*** Opening of Recorded information ***
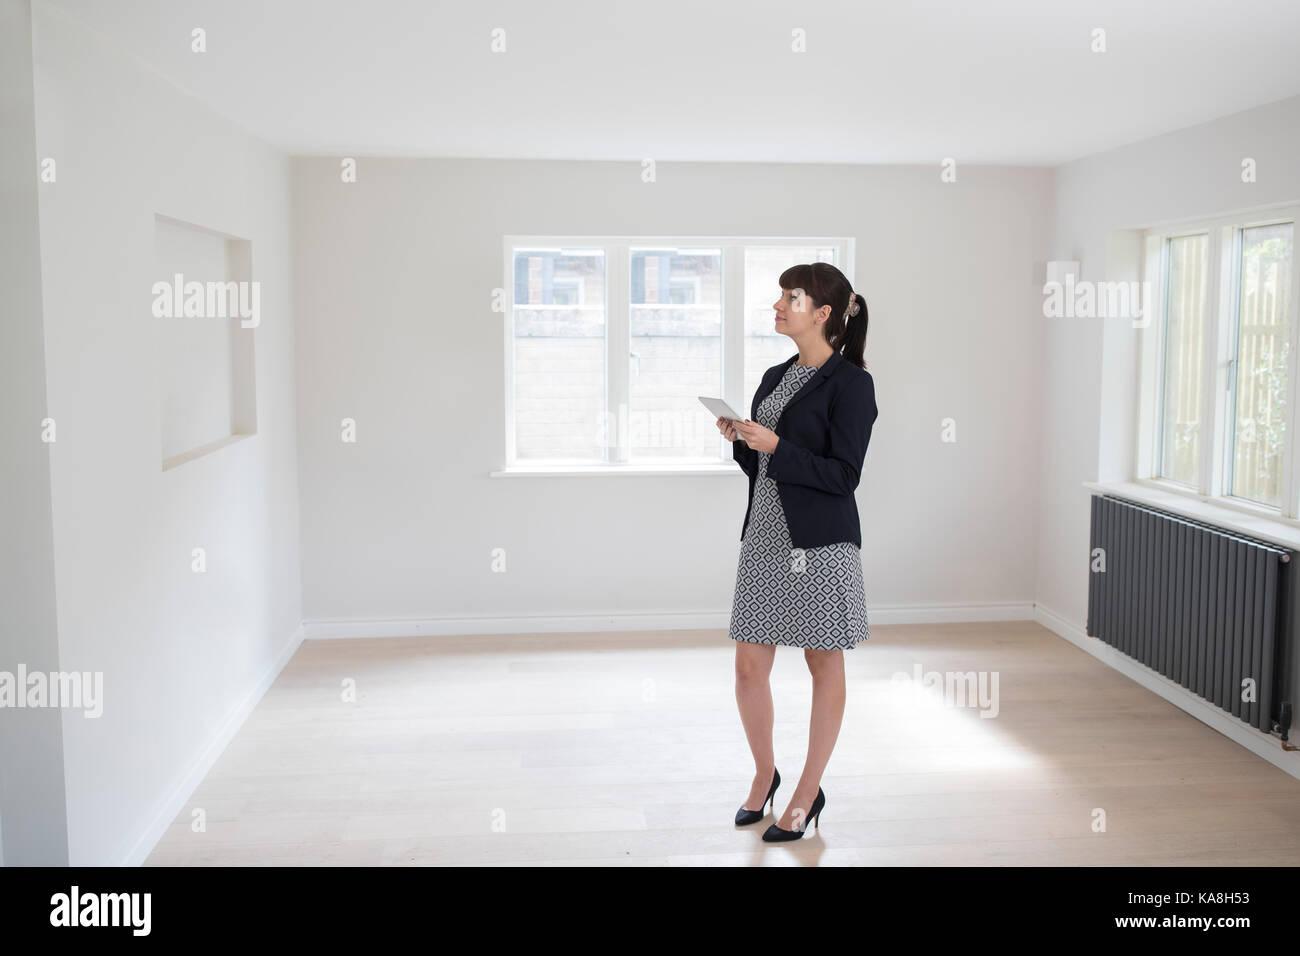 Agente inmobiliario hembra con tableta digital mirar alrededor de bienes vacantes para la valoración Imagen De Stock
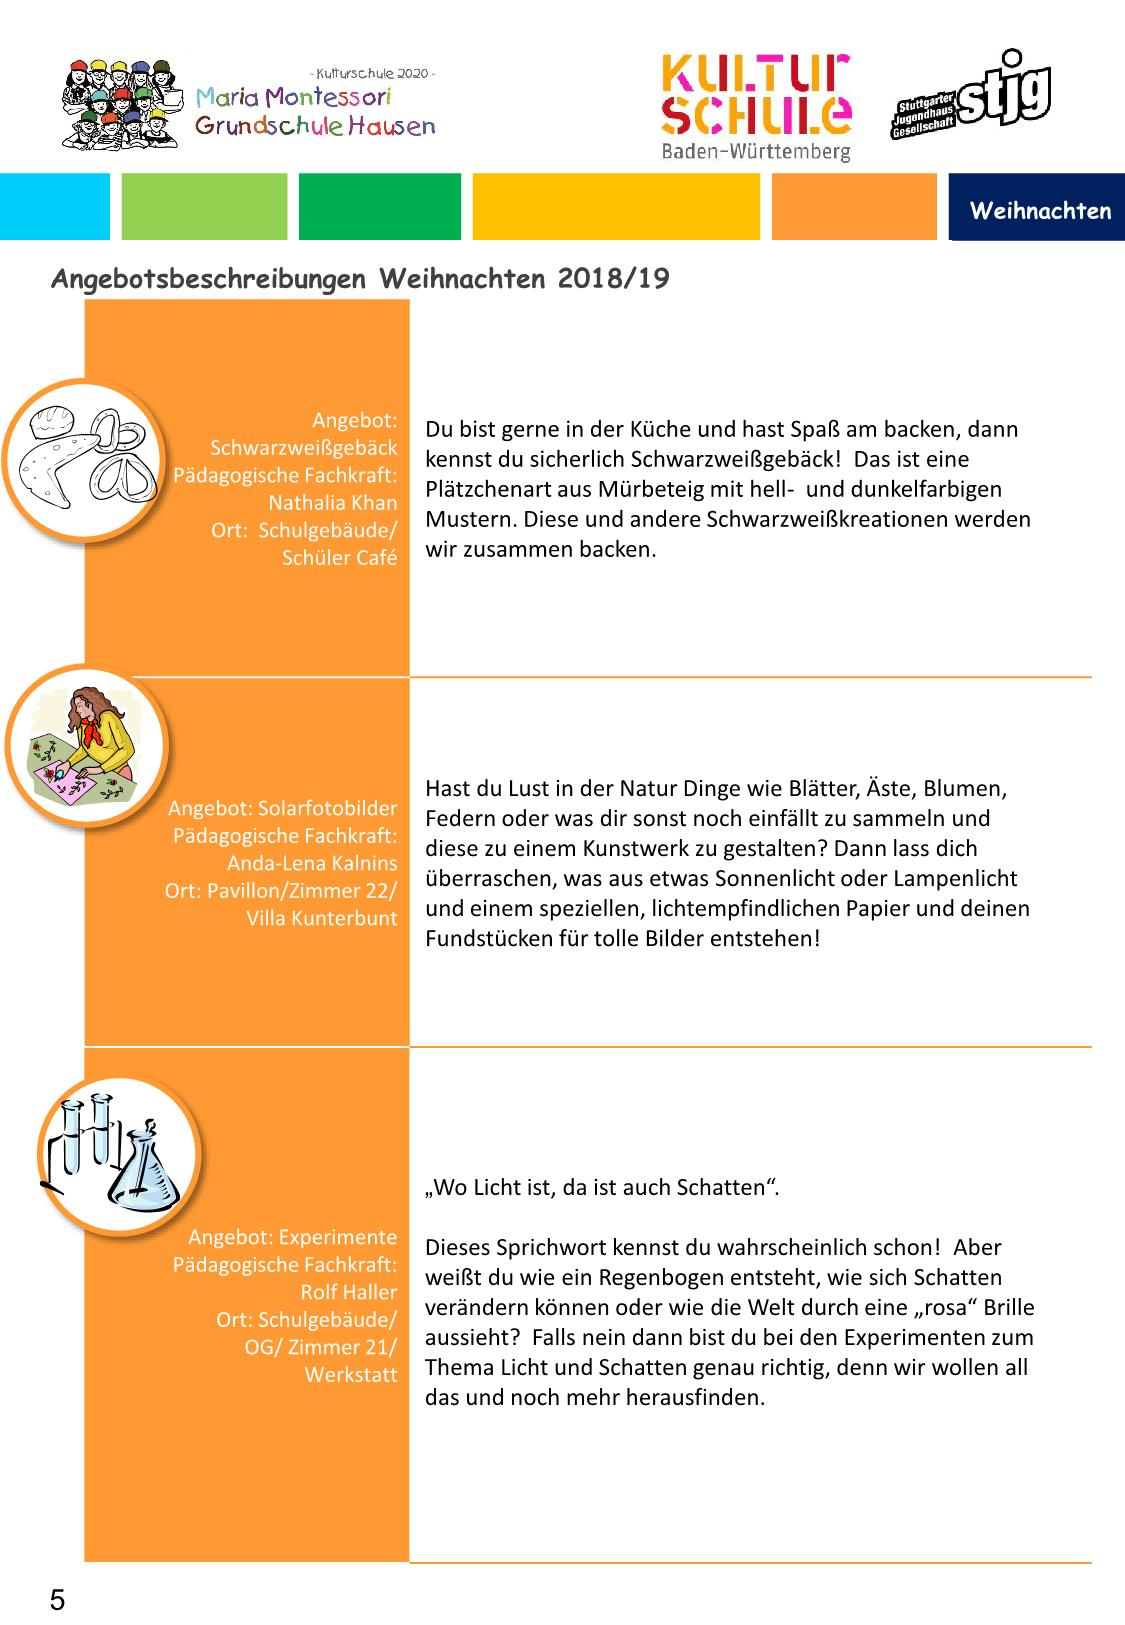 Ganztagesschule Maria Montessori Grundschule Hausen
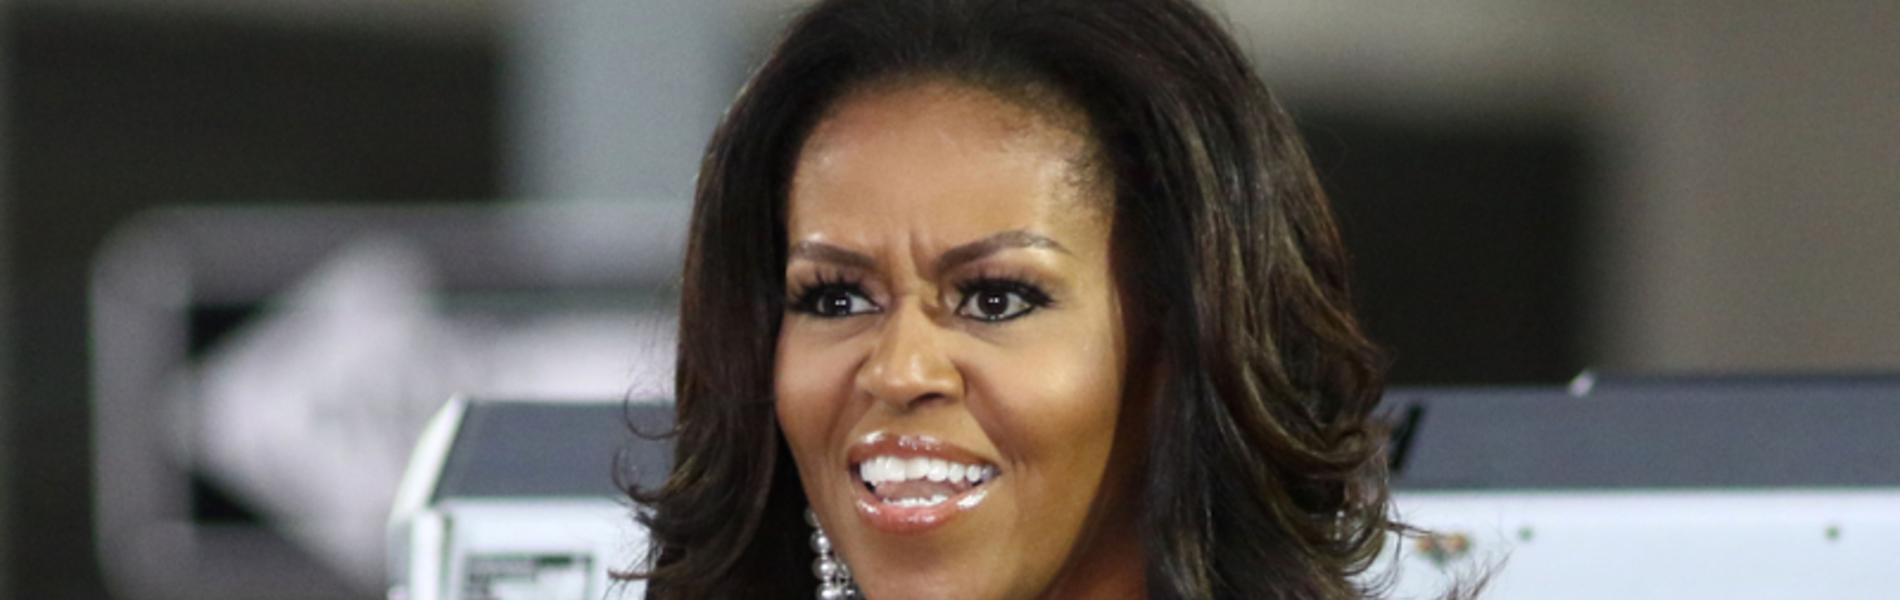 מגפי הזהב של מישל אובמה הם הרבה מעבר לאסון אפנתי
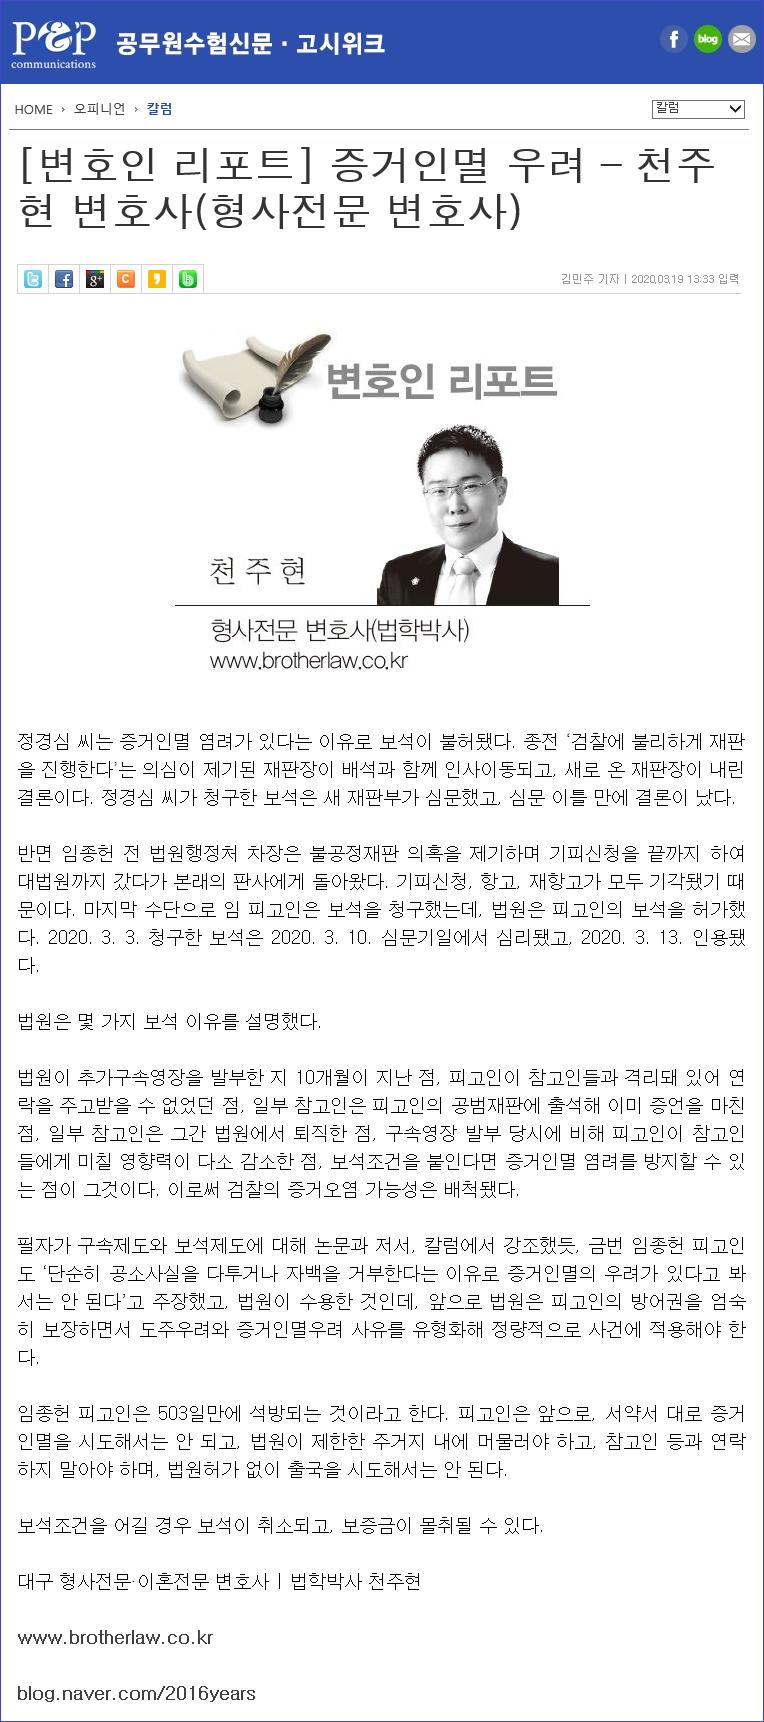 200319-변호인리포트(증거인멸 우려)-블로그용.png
*** Close of Recorded information ***
**Exercise goal**
Print out the material verbatim, skipping pictures.

**Exercise answer**
 Agente inmobiliario hembra con tableta digital mirar alrededor de bienes vacantes para la valoración Imagen De Stock
 Ganztagesschule Maria Montessori Grundschule Hausen
 מגפי הזהב של מישל אובמה הם הרבה מעבר לאסון אפנתי
 200319-변호인리포트(증거인멸 우려)-블로그용.png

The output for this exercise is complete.